Saturday, January 31, 2015

I burn your books, you burn mine

BAGHDAD (AP) — When Islamic State group militants invaded the Central Library of Mosul earlier this month, they were on a mission to destroy a familiar enemy: other people's ideas.
Residents say the extremists smashed the locks that had protected the biggest repository of learning in the northern Iraq town, and loaded around 2,000 books — including children's stories, poetry, philosophy and tomes on sports, health, culture and science — into six pickup trucks. They left only Islamic texts.
There are those who adore books as if they were talismans of greatness and virtue and such people are horrified that a book burning took place. For them, book burnings are an apostasy.

But worse than that, in my mind, is the concrete fragility of the world view that indulges its feeding-frenzy fires: Are someone else's ideas so threatening to my philosophy and if so, what does that say about my philosophy? How convincing and practical, to say nothing of kind, are ideas that excoriate a world that does not share them?

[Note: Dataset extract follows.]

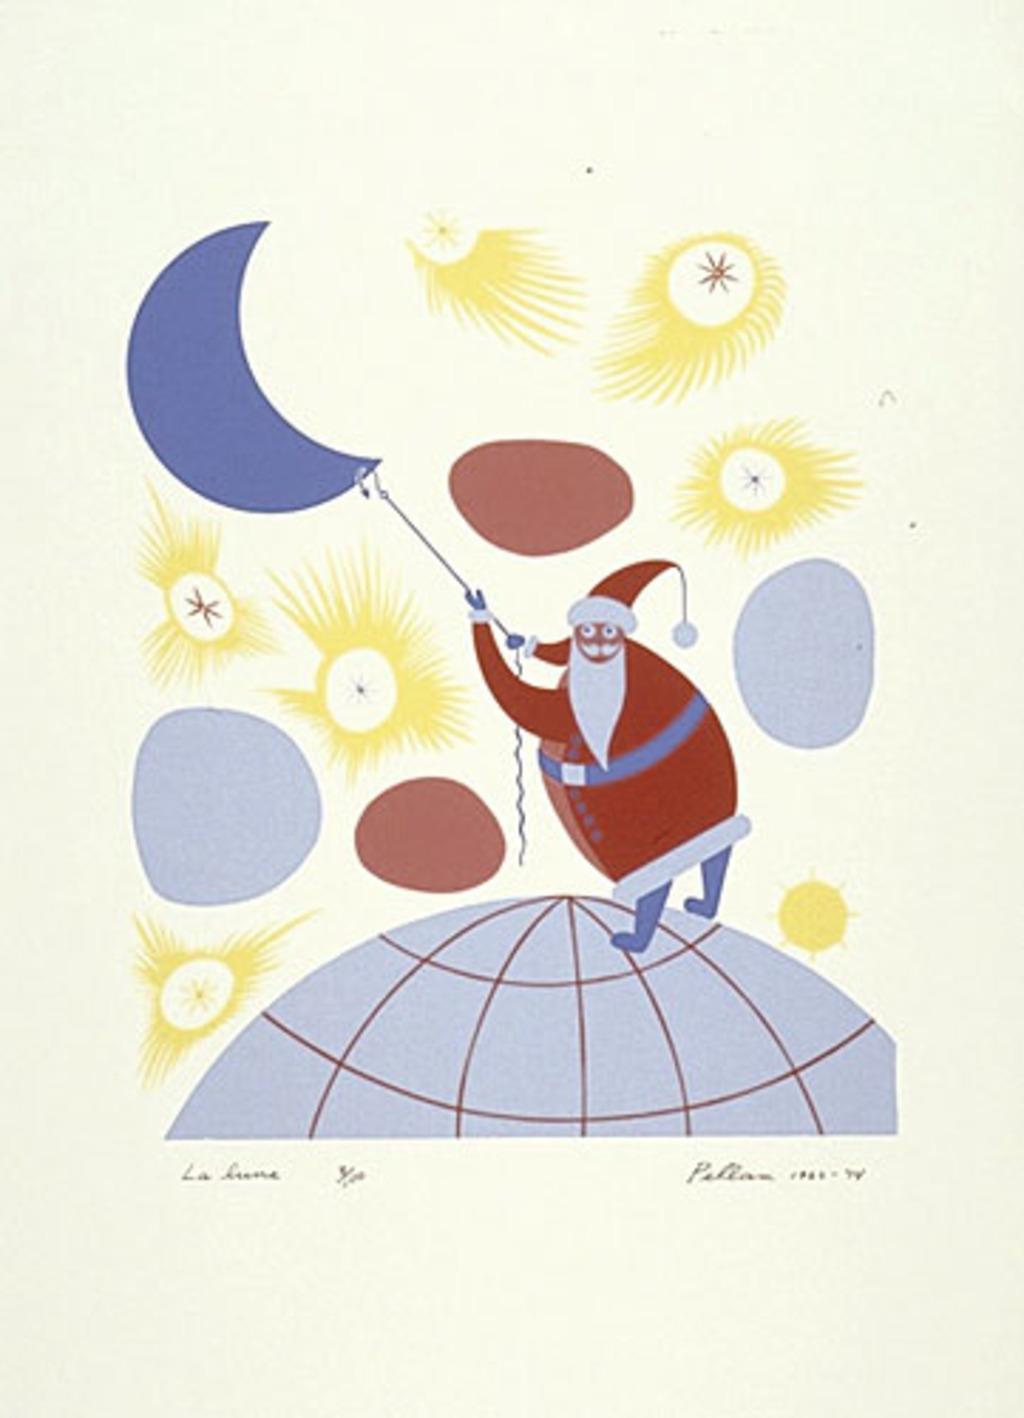 La Lune, du livre d'artiste «Les Pères Noëls»

This might all be hypothetical hand-wringing, if the feeding frenzy wrought by group-think agreement (good, bad and indifferent) did not end up spilling others' blood.

The mad dogs of group-think -- a spinoff of what may be elevated and inspiring and genuinely nourishing starting points -- are ... well they scare the shit out of me.

And what is socially true is a capacity that is singular and personal as well. I burn your books and you burn mine from time to time.

Lord, do not save me from the utter thoughtlessness of others. Instead, save me from the mad-dog and subtlely shaped stupidity within!

Let's just agree to be infidels, OK?

1 comment:

  1. It's as if their love of god requires a hatred of humanity.